First, let's give Taylor's comments their tiny due. When Garnett was shut down with five games to go last season I don't think I was alone in believing it was at the instigation of team management rather than Garnett himself, despite comments from the front office and KG's agent, Andy Miller, that he was indeed hurt. The statements by Miller and Garnett in response to Taylor's latest charge clearly imply that it was KG who instigated his removal from the lineup, albeit because of legitimate injury rather than a desire to secure a better draft pick by diminishing the ballclub's chances of winning.
But for that miniscule drop of truthful satisfaction, what has Taylor wrought for himself and his franchise? When it comes to tanking, his comments reek of baldfaced hypocrisy. There hasn't been a more blatant example of trying to lose a game that impacted the number of lottery balls a team would receive than the finale of the 2005-06 season, a year before the KG absence that is the subject of Taylor's allegation.

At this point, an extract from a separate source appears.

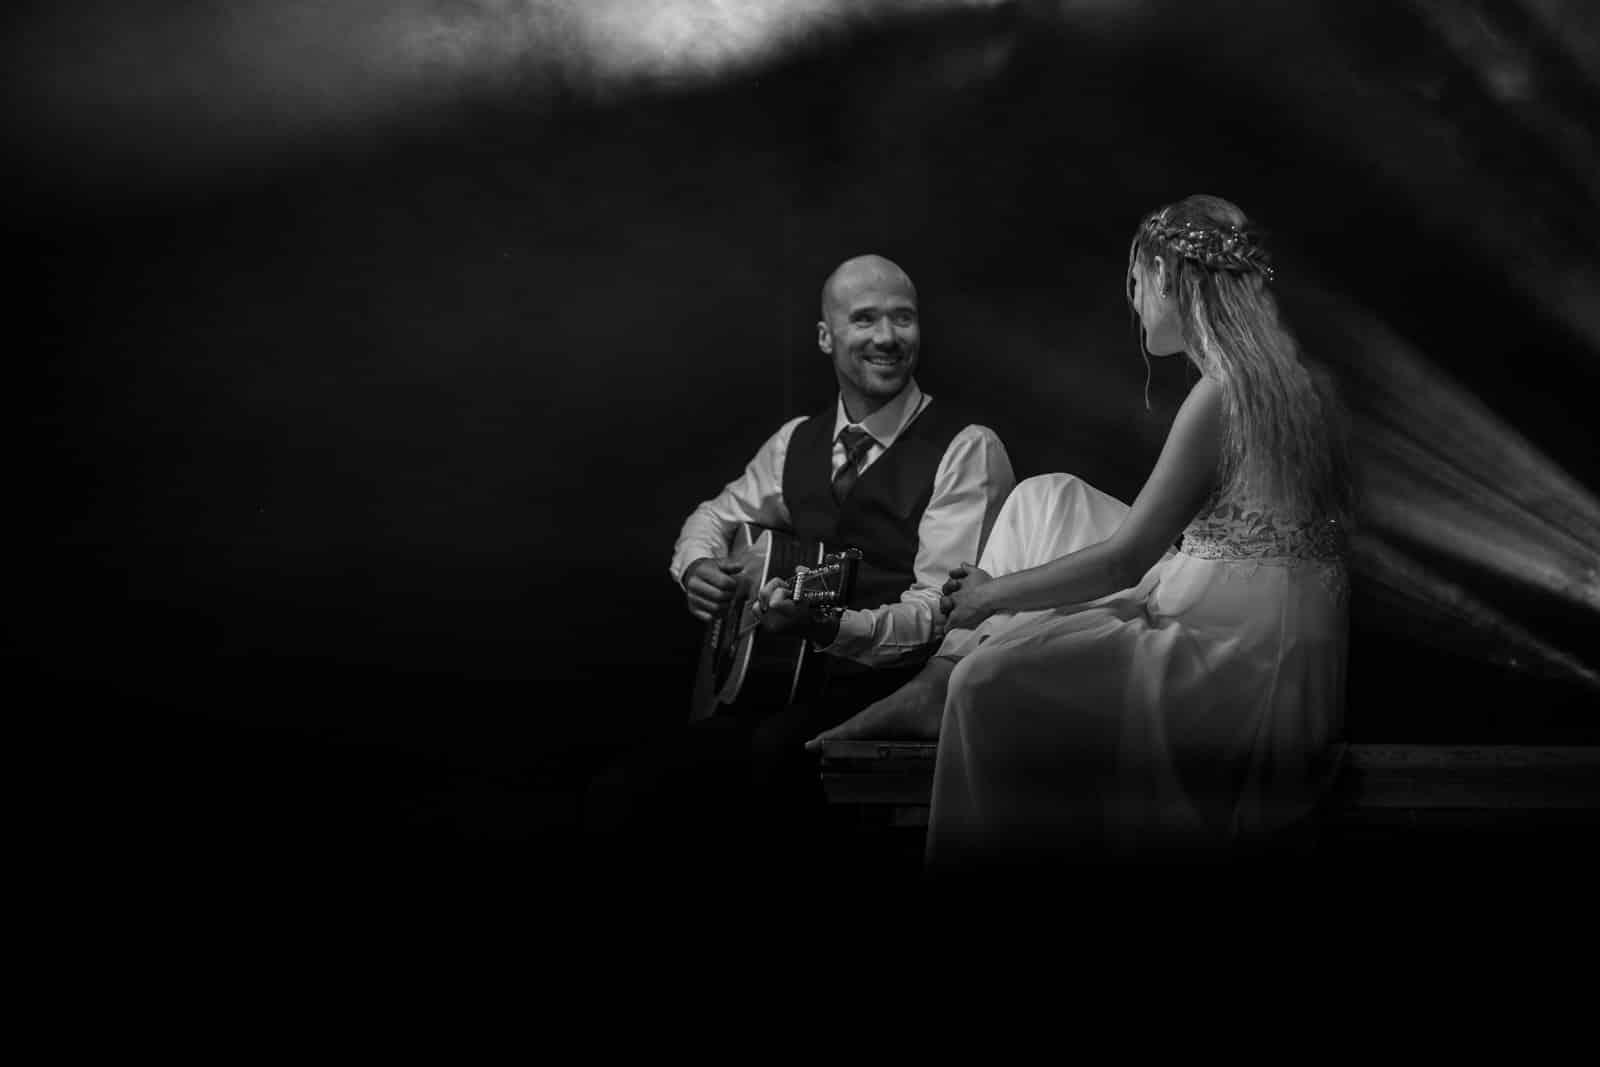 Bräutigam spielt auf einer Bühne ein Lied für seine Braut.

During that game, versus Memphis, the Wolves *benched all their promising young players* down the stretch for the likes of scrubs such as Bracey Wright and Ronnie Dupree, allowed a Memphis opponent an uncontested layup in the waning seconds of regulation, and then had Mark Madsen chuck up seven three-pointers in a double-overtime loss. Mind you, this was all after the ballclub shelved both KG and Ricky Davis due to "injury." My column that night was entitled, "The One-Pointer: Wolves Disgrace Themselves."
Anyone who watched knew exactly what was happening. And now Glen Taylor has the gall to say "I don't like that so much" with respect to tanking, and then drop the anvil on Garnett?